» PROBLEM DETAILS
What is wanted is every line below from the one with "女子撑竿跳高比赛,中国派出亚洲纪录保持者李玲和后起之秀牛春格两人" up to and including the one with "Como instalar o", retyped exactly, pictures excluded, nothing else.

» SOURCE DATA
^^^^^^^^^^^^^^^^
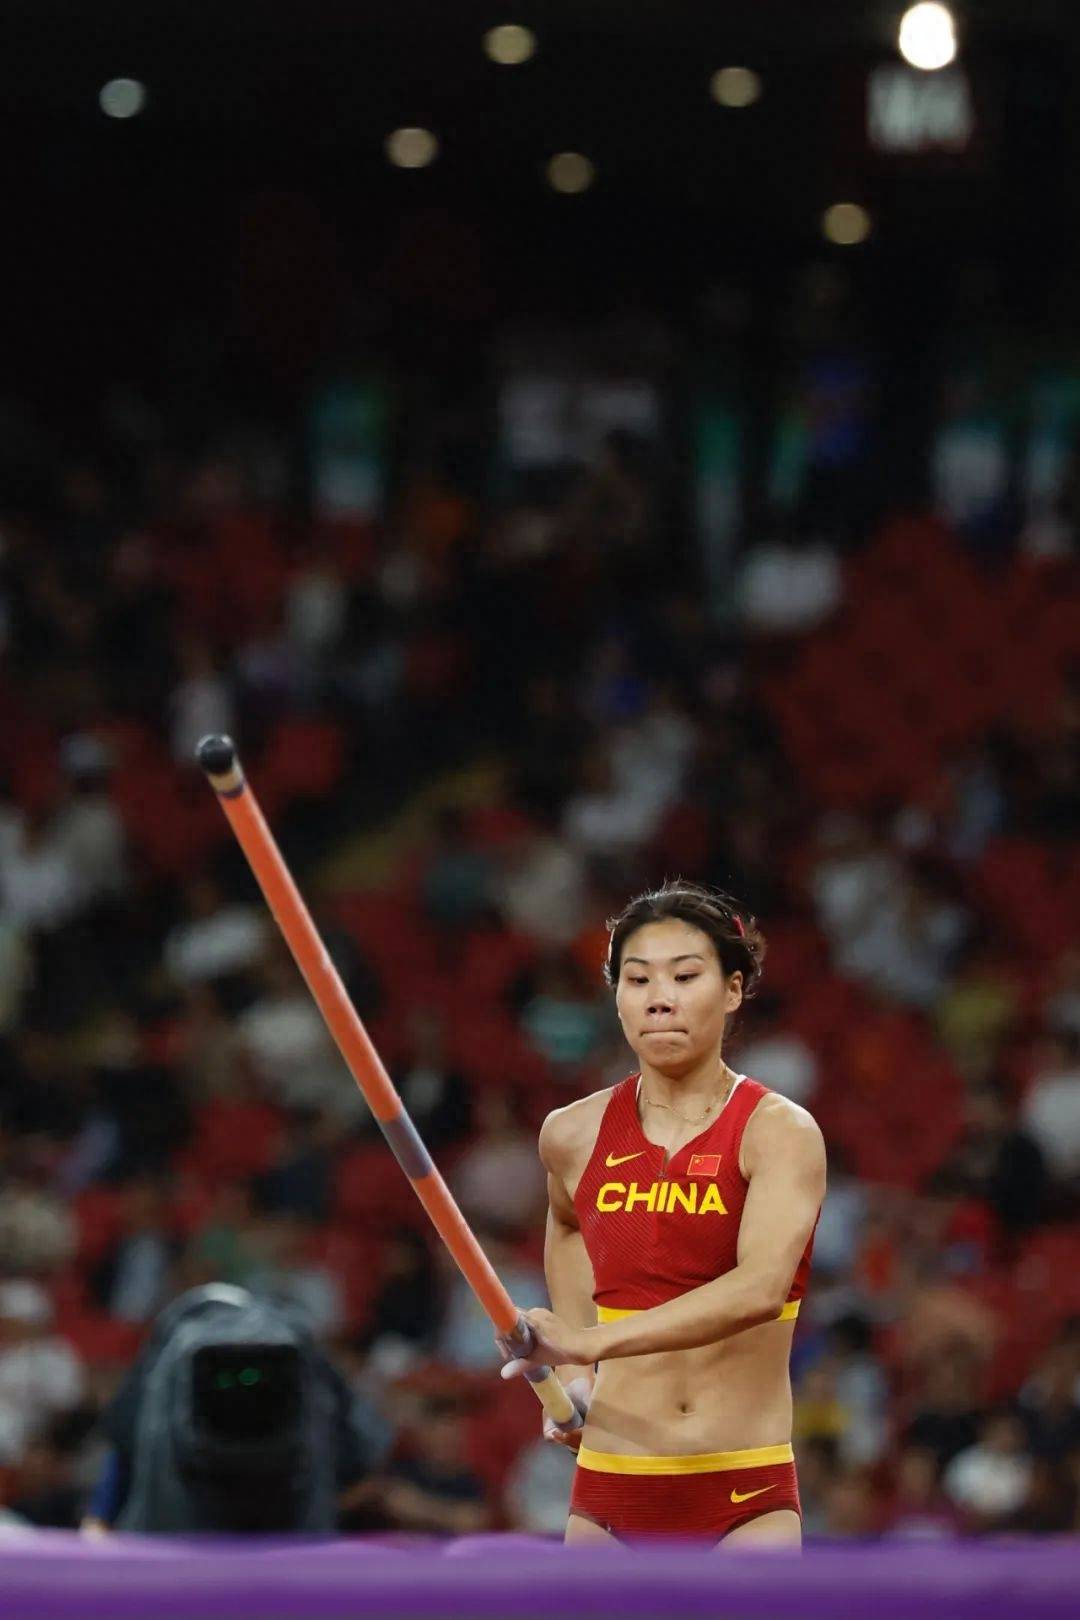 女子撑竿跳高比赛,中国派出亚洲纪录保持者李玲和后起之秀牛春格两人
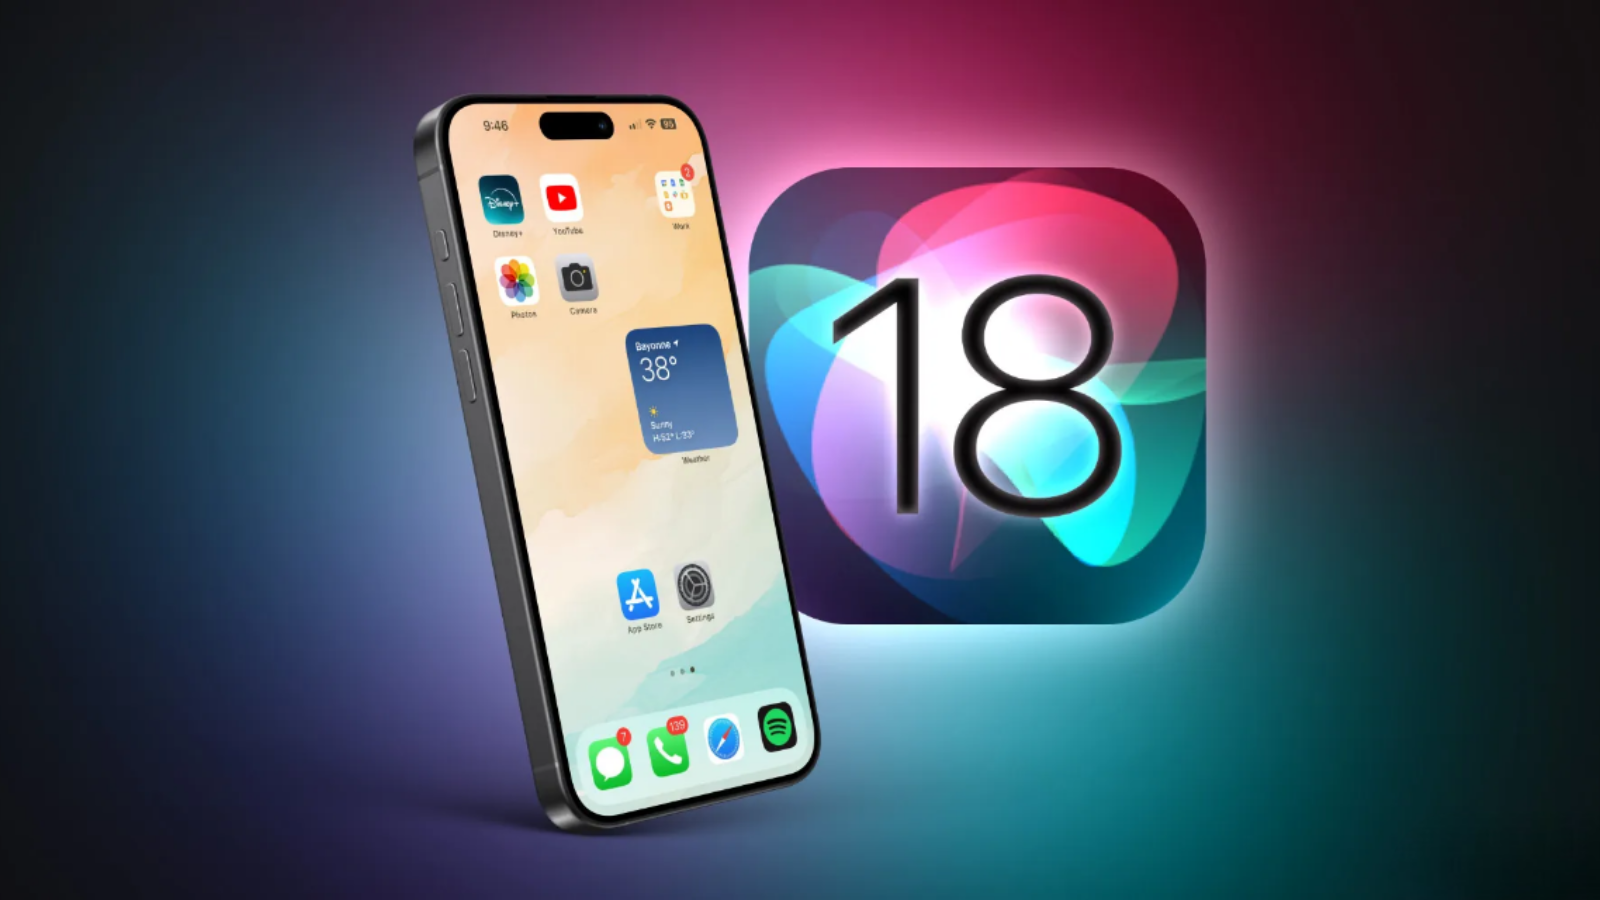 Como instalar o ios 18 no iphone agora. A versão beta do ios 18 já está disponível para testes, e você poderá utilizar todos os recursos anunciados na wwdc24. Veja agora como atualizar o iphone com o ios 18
^^^^^^^^^^^^^^^^
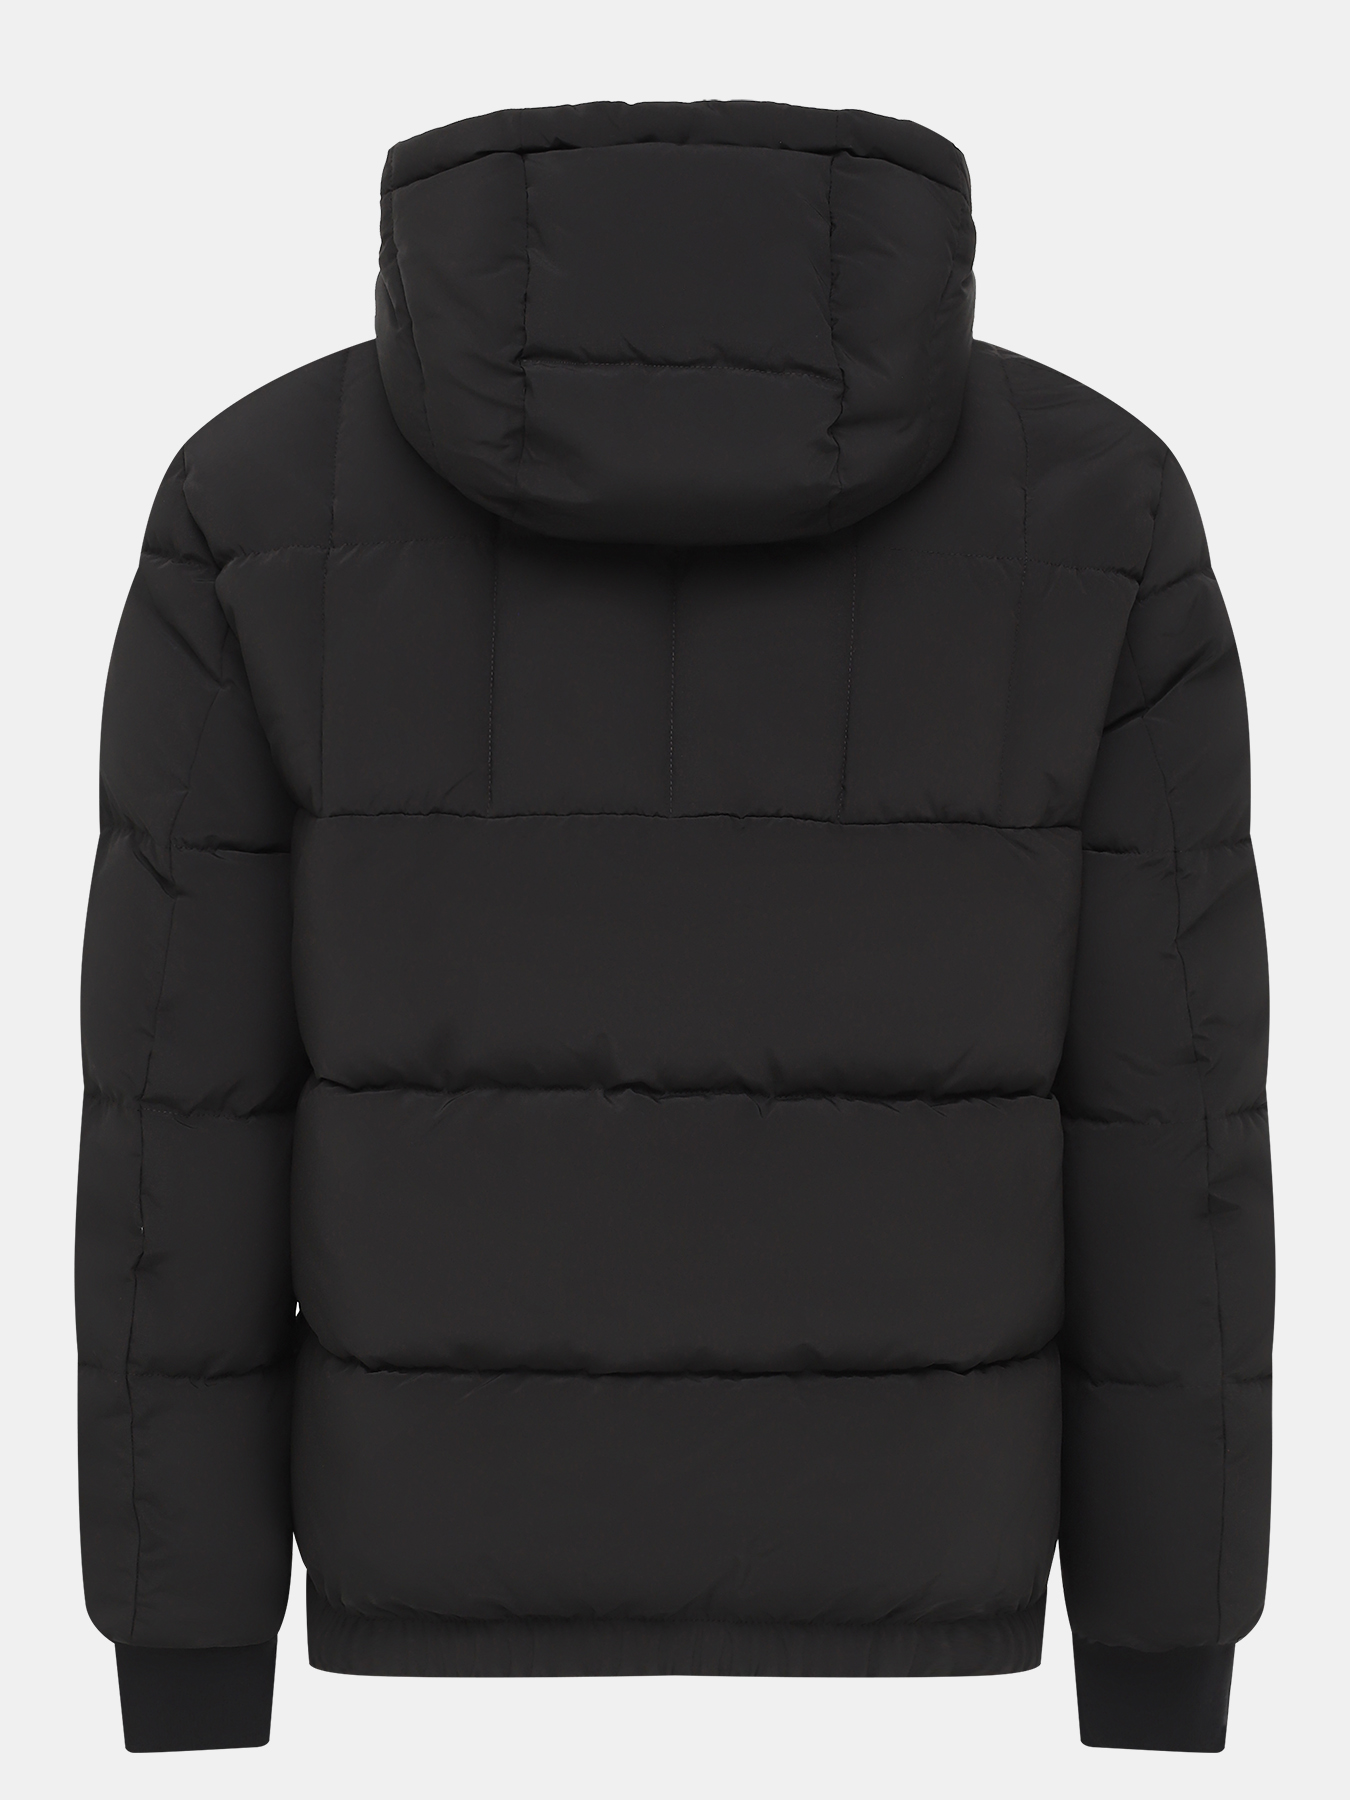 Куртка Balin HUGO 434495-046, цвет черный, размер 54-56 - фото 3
^^^^^^^^^^^^^^^^
» YOUR RESPONSE
 女子撑竿跳高比赛,中国派出亚洲纪录保持者李玲和后起之秀牛春格两人
 Como instalar o ios 18 no iphone agora. A versão beta do ios 18 já está disponível para testes, e você poderá utilizar todos os recursos anunciados na wwdc24. Veja agora como atualizar o iphone com o ios 18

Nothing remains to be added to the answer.